Jennifer Granholm illustration by DONNA GRETHEN
Jennifer Granholm illustration by DONNA GRETHEN

If you watched Jennifer Granholm’s galvanizing speech about auto industry workers at the 2012 Democratic National Convention, chances are you still remember it. By the end, she was beet-red from screaming with passion over the crowd’s wild applause. Those familiar with Granholm’s role as Michigan’s first female attorney general from 1998 to 2002 and then the state’s first female governor for two terms, from 2003 to 2011, were already aware of her intense charisma — the kind that’s innate in most career politicians and beauty queens (Granholm was Miss San Carlos in 1977) — but she also possesses something that’s increasingly harder to come by in politics these days: energy.

When President Joe Biden nominated the UC Berkeley graduate, and now professor, as his secretary of energy, the internet took notice of this quality and the puns started flying. “The future Secretary of Energy sure does have a lot of energy,” commented one YouTuber. Last month, the Senate Committee on Energy and Natural Resources approved Granholm’s nomination to lead the Energy Department with a 13–4 vote. Here, we look back on her rise.

Northern California roots. Granholm is a first-generation college grad. (And having been born in Canada, she’s also the first in her family to become a U.S. citizen.) After taking a few years upon graduating from San Carlos High to pursue her early passions, she returned to the Bay Area to do her undergrad at Cal in the early ’80s, where she studied French and political science. Later, after earning a law degree at Harvard Law School and achieving a long political career in Michigan, she returned to her alma mater to teach at the Goldman School of Public Policy. She resides in Oakland.

Early dreams. After Granholm graduated from high school, she moved to Los Angeles to become an actress. Her side hustle at the time included giving tours at Universal Studios. Somewhere on the internet, there’s still a clip of Granholm with towering blond hair and suspenders on a 1978 episode of the long-running show The Dating Game. It’s a detour that made her who she is today, she has said. “Sometimes you want to experiment a little bit, and closing doors is a way of making a choice,” she said in an interview with University of California Television (UCTV).

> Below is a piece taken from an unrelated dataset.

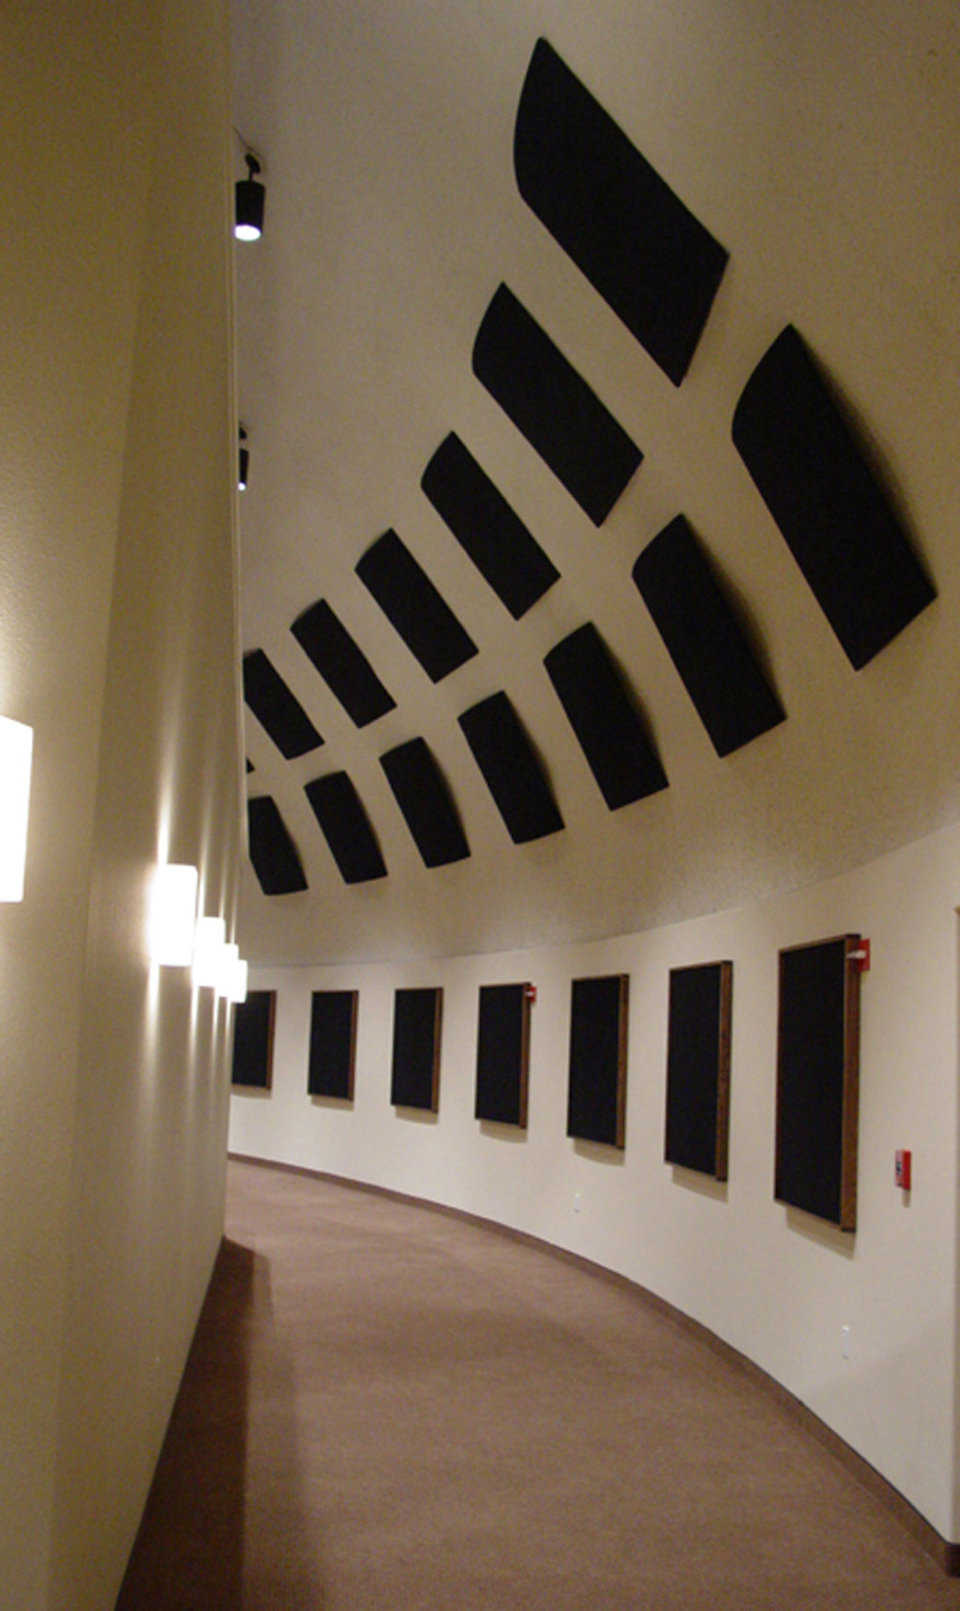 Acoustics — Special panels absorb unwanted echoes.
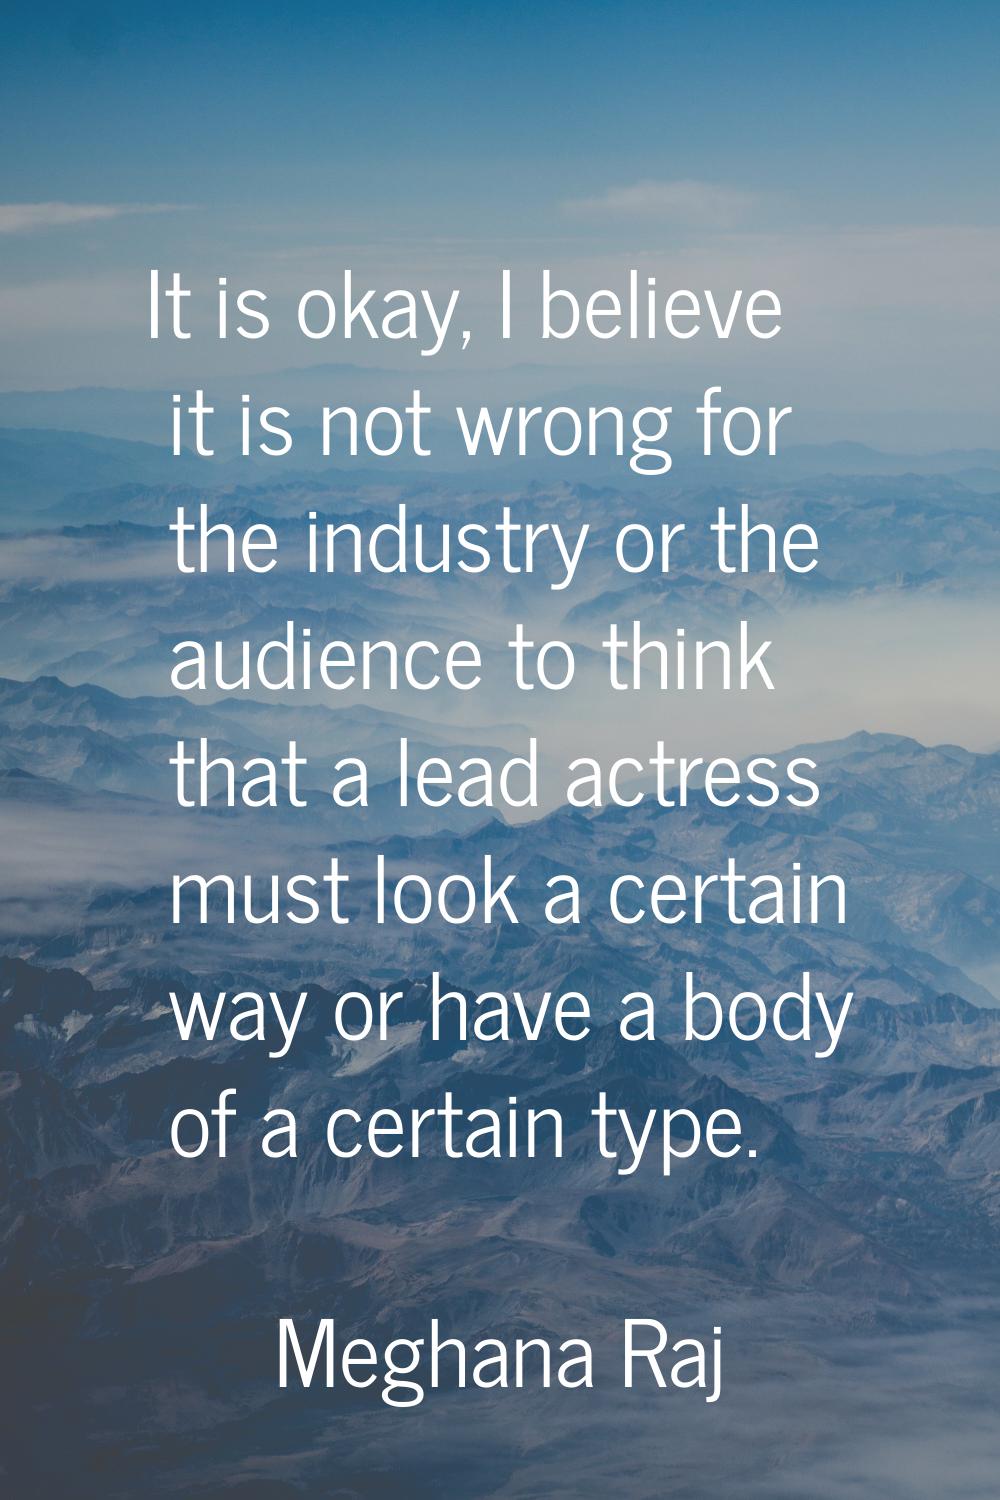 It is okay, I believe it is not wrong for the industry or the audience to think that a lead actress

Family life. In Granholm’s Twitter bio, it says “wife to my hero” — a nod to Daniel Mulhern, a lecturer on leadership at Berkeley’s Haas School of Business. They met at Harvard Law School, back when it was Mulhern’s dream to be governor of Michigan. “We’re totally different people. He’s very much heart-centered; I’m head-centered. … We’re completely opposite, which is really great because together we make a whole,” she told UCTV. After his wife was nominated as attorney general, then governor, years later, Mulhern assumed the role of fierce supporter. “He has been an incredible partner,” Granholm has said. They’ve been married since 1986 and have three children.

Political career. Granholm’s first taste of politics came when she volunteered for the 1980 presidential campaign of John B. Anderson, an independent. After she graduated from Harvard Law in 1987 and moved to her husband’s home state of Michigan, she clerked for Judge Damon Keith, becoming even more involved with the scene. In 1988, she was active in Michael Dukakis’ campaign for president, where she was connected with Rick Wiener, the then-head of the Democratic Party in Michigan. Wiener encouraged Granholm to run for attorney general, a race she won in 1998. Four years later, she became governor of Michigan.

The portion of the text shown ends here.